Сюэ Ян отлипает от одной из своих марионеток, которую до сих пор пытался заставить танцевать под скрипящие звуки бамбуковой флейты, и оборачивается на голос. От веселого выражения на его юном лице Вэй Ину становится тошно. Щенок откровенно наслаждается своим делом. В отличие от Вэй Ина, он не задается вопросом, откуда на этих землях, укрытых сугробами серого пепла, взялось столько трупов. Он был отправлен сюда Вень Жоханем в поисках материала для своих экспериментов. Он, в противовес тому же Вэй Ину, не повинен в том, что вырезанный почти подчистую Юньмэн Цзян теперь разве что в учебные полигоны для темного заклинателя и годится.
— Неа, все по-старому. Хотя-я-я… до меня порой долетают интересные слухи про твоего Мэн Яо. Говорят, он стал доверенным лицом главы Не. Сражается от него по правую руку, делит трапезы, греет постель…
Последняя фраза ударяет Вэй Ина под дых, мгновенно выбивая из легких воздух.
Не может быть. Такого быть просто не может.
Он видел главу Не, когда тот приезжал однажды в Юньмэн Цзян. Гора мышц. Ума как у канарейки. Одна мысль о том, чтобы Мэн Яо, чья макушка даже Вэй Ину едва достает до кончика носа, оказался в одной постели… рядом… под… этим медведем, вызывает дурноту.
Вэй Ину нестерпимо хочется закричать, вырвать у ухмыляющегося Сюэ Яна его проклятую флейту и с головой нырнуть в темную энергию, позволяя ярости захватить себя и выплеснуться наружу, обращая все вокруг в ошметки кипящей плоти.
Вэй Ину требуется несколько минут, чтобы взять себя в руки. Все это время Сюэ Ян с интересом за ним наблюдает.
— Мэн Яо ведь профессиональный предатель, да? — уточняет он, едва Вэй Ин заставляет себя вдохнуть. — Он продал Юньмэн Цзян, убил своего военачальника, пока пытался пробиться наверх в Гусу Лань, теперь прислуживает в Цинхэ Не. Как думаешь, он все еще за нас или уже за них?
Вэй Ин сознает, каков Мэн Яо. Он видел убитых им псов Цзян Чэна. Видел выхаркивающего вместе с кровью собственную жизнь клиента весеннего дома, посмевшего однажды обидеть его мать. Видел открытые им ворота Пристани Лотоса.
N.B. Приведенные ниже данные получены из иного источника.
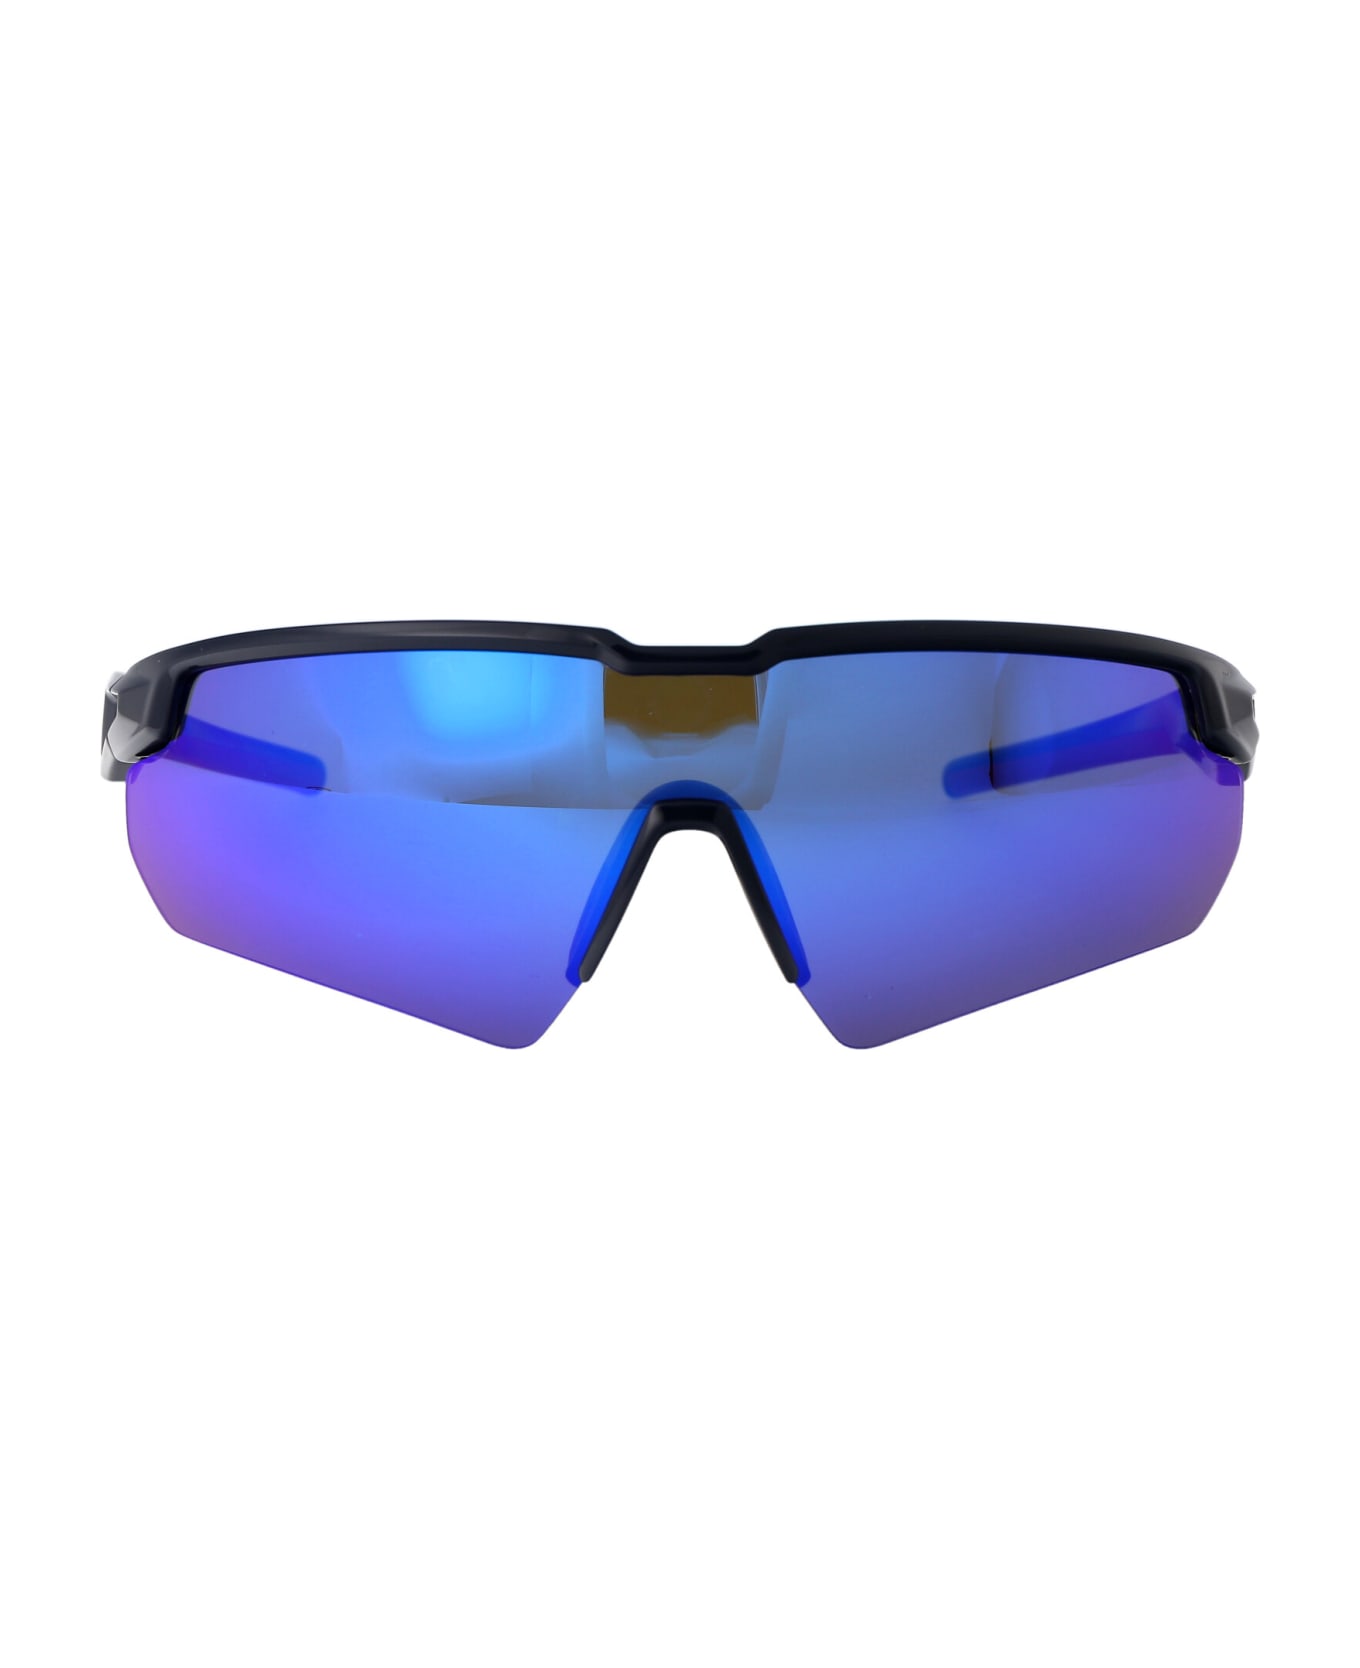 Tommy Hilfiger Tj 0098/s Sunglasses - PJPZ0 BLUE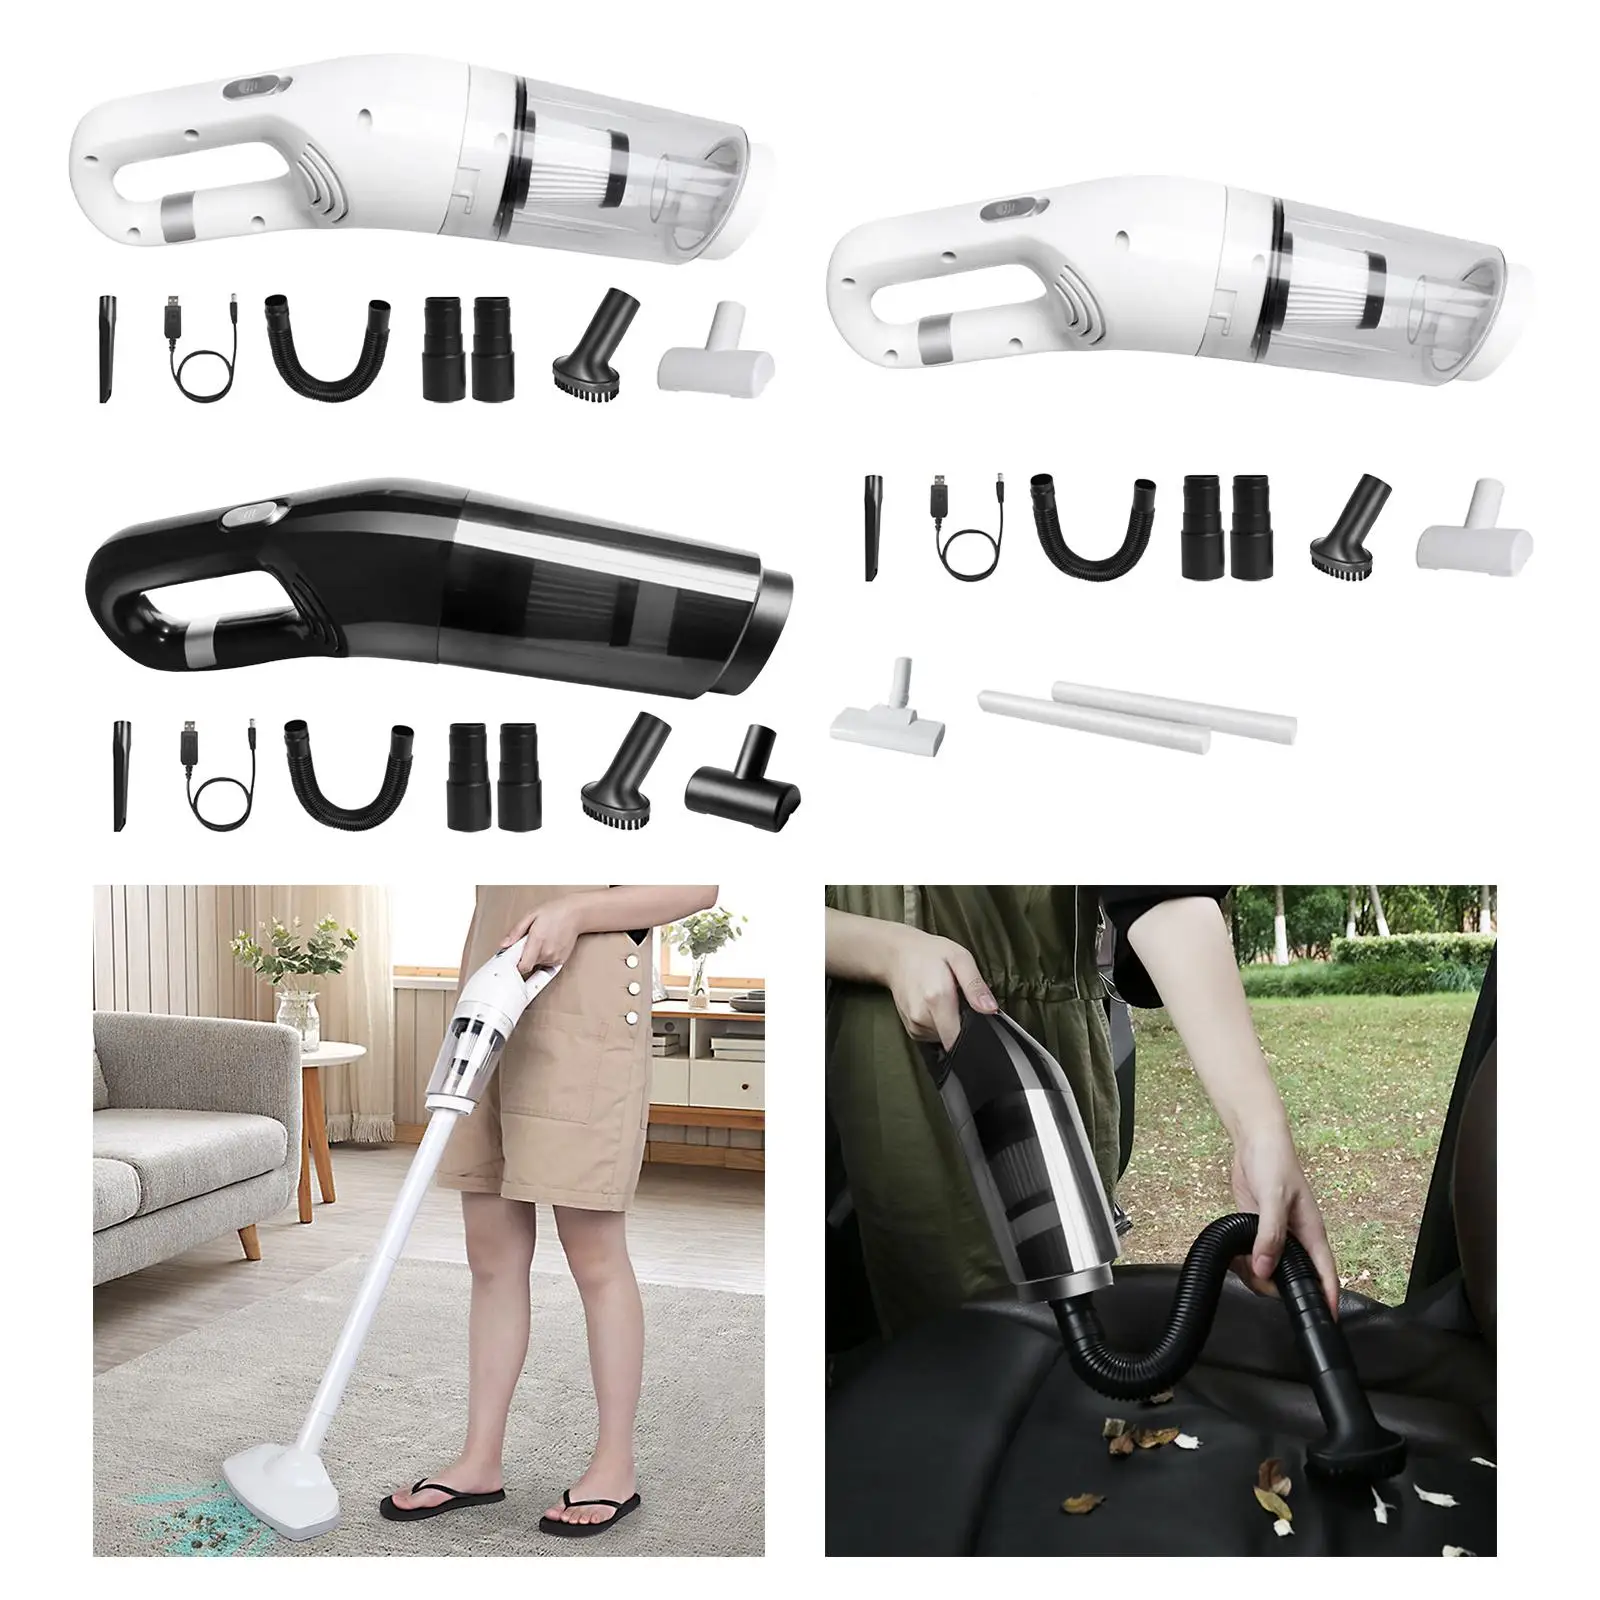 Car Vacuum Cleaner Stick Vacuum Cleaner Auto Accessories for

Одно дело — подозревать, что твой друг чудовище. Иное — быть в этом уверенным.
Вэй Ин не знает ответа на вопрос, остался ли Мэн Яо им (ему) верен. Хотел бы знать. Но не знает…
*
Вэй Ин понимает, что что-то не так, не дойдя одного квартала до весеннего дома.
На улице слишком шумно. Где-то совсем близко раздаются крики, подбадривания и улюлюканье. Им вторят женский плач и визг.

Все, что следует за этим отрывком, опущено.